A eficiência da política antidrogas brasileira

Enviada em 29/08/2020

O Brasil está em guerra. O país enfrenta um inimigo incerto num conflito interminável cuja as maiores vítimas são jovens negros e pobres brasileiros. Tal guerra é como o Brasil tem levado a sua política antidrogas, um conflito que destrói mais vidas do que os produtos que este visa proteger a sociedade de utilizar. Pensando neste contexto, urge-se que o país tome medidas mais efetivas em relação às drogas e que estas medidas não derramem mais sangue dos mais vulneráveis de nossa sociedade.

Atualmente, diversos países do mundo têm mudado sua política em relação às substâncias psicoativas e substituindo o modelo de “Guerra às Drogas”. As razões para a mudança de modelo são principalmente o alto custo financeiro e de vidas que este necessitava, além de sua ineficácia, já que independente dos imensos esforços das autoridades em coibir o tráfico, este sempre conseguia oferta e demandas estáveis. Neste contexto, optou-se por uma abordagem que trate do assunto como um problema de saúde pública e não criminal, utilizando todo o arcabouço da redução de danos associada com a descriminalização do porte e consumo de drogas.

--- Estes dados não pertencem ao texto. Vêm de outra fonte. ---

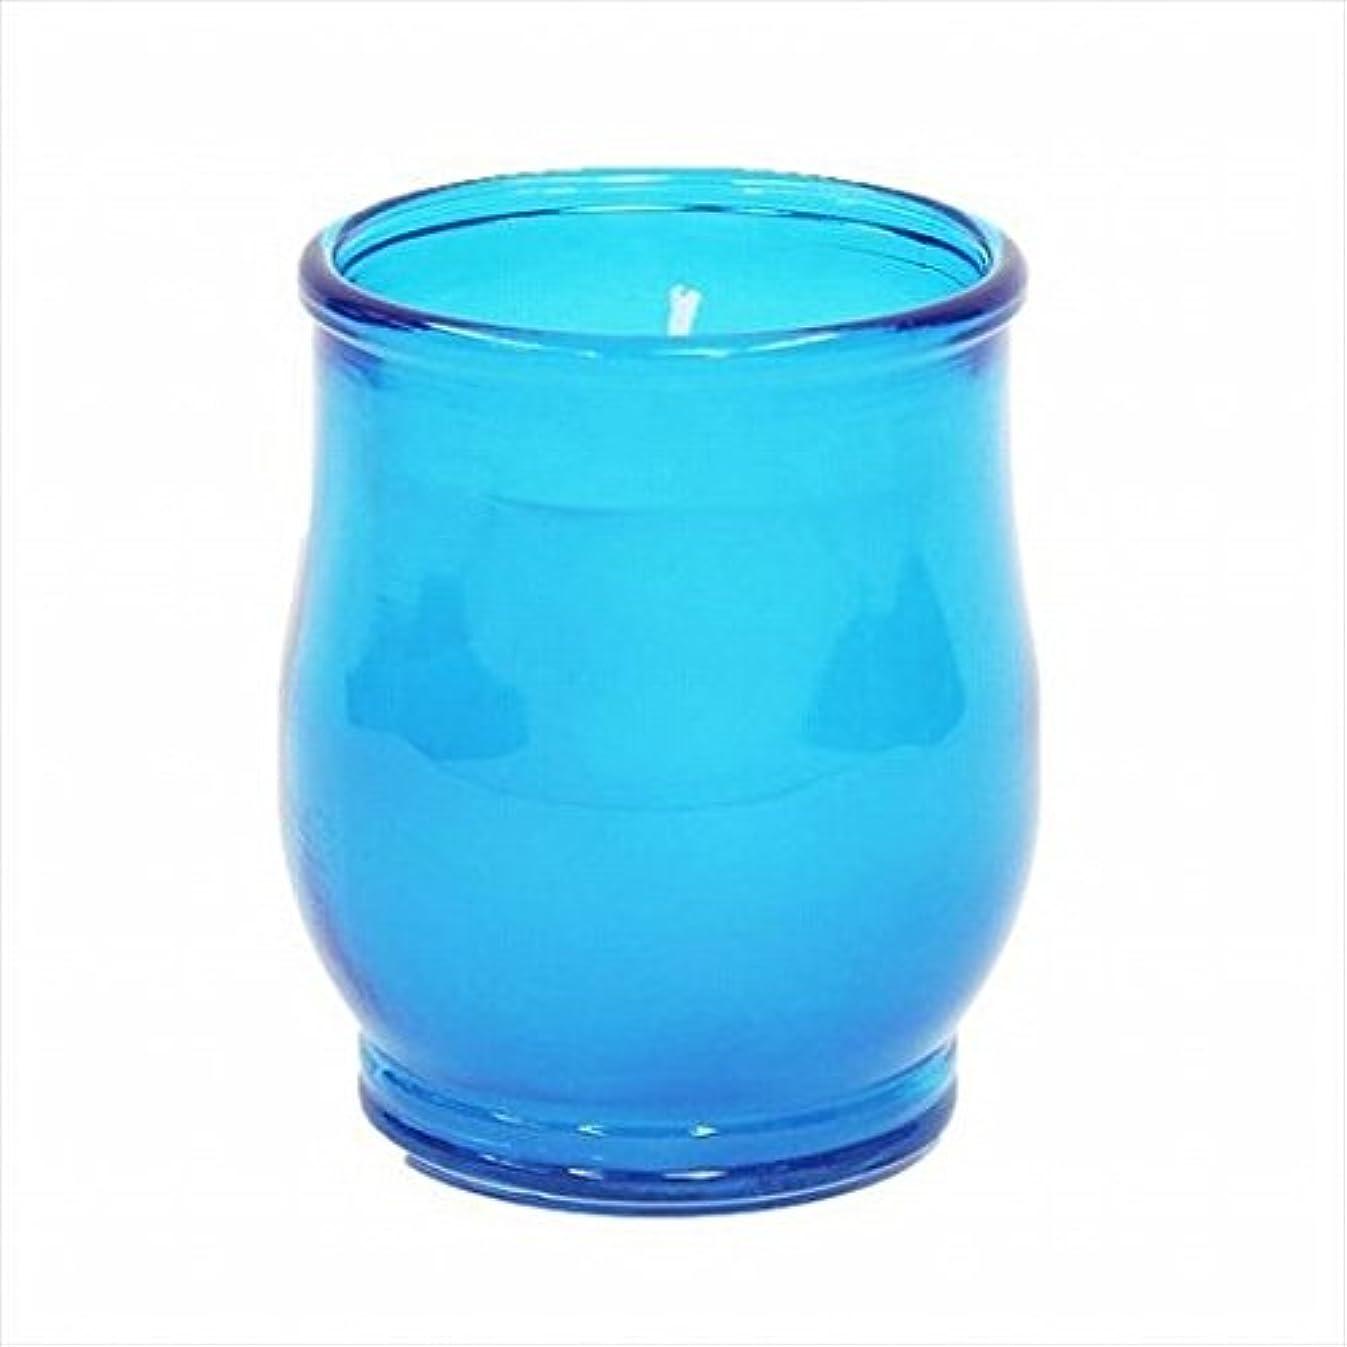 並外れた光沢のあるトラフィックkameyama candle(カメヤマキャンドル) ポシェ(非常用コップローソク) 「 ブルー 」 キャンドル 68x68x80mm (73020000BL)

No Brasil a abordagem da política de drogas diverge do que está sendo feito ao redor do mundo, inclusive em grande parte da América do Sul, pois o governo brasileiro continua investindo numa política repressora e proibicionista de poucos resultados. Ainda que a diferenciação entre usuário e traficante tenha trazido avanços, ela gerou um encaceramento em massa de jovens pobres e negros devido ao seu não esclarecimento sobre o que realmente diferencia o usuário do traficante, ficando então à mercê do critério de policiais e juízes os quais, devido aos preconceitos estruturais da sociedade, muitas vezes tratam o traficante branco e rico como usuário e prendem o usuário preto e pobre como traficante.

Neste contexto, urge-se, portanto, que o Brasil substitua a sua política proibicionista e repressora para uma abordagem que descriminalize o consumo de substâncias psicoativas e invista em políticas de redução de danos, tratando assim o consumo abusivo de drogas como um problema de saúde pública e não policial. Deve então retomar o projeto dos CAPS AD, Centro de Atenção psicossocial Álcool e Drogas, nas cidades brasileiras por meio de investimentos do Ministério da Saúde em treinamento dos profissionais sobre redução de danos e intervenções multidisciplinares em relação aos dependentes de drogas. Além disso, é necessário que o Estado não só delimite a quantidade de drogas que separaria o traficante de um usuário da legislação, bem como descriminalize este último e anistie todos aqueles réus primários presos por quantidades insignificantes. Somente assim poderemos ser uma sociedade menos violenta e que trate seus problemas com responsabilidade.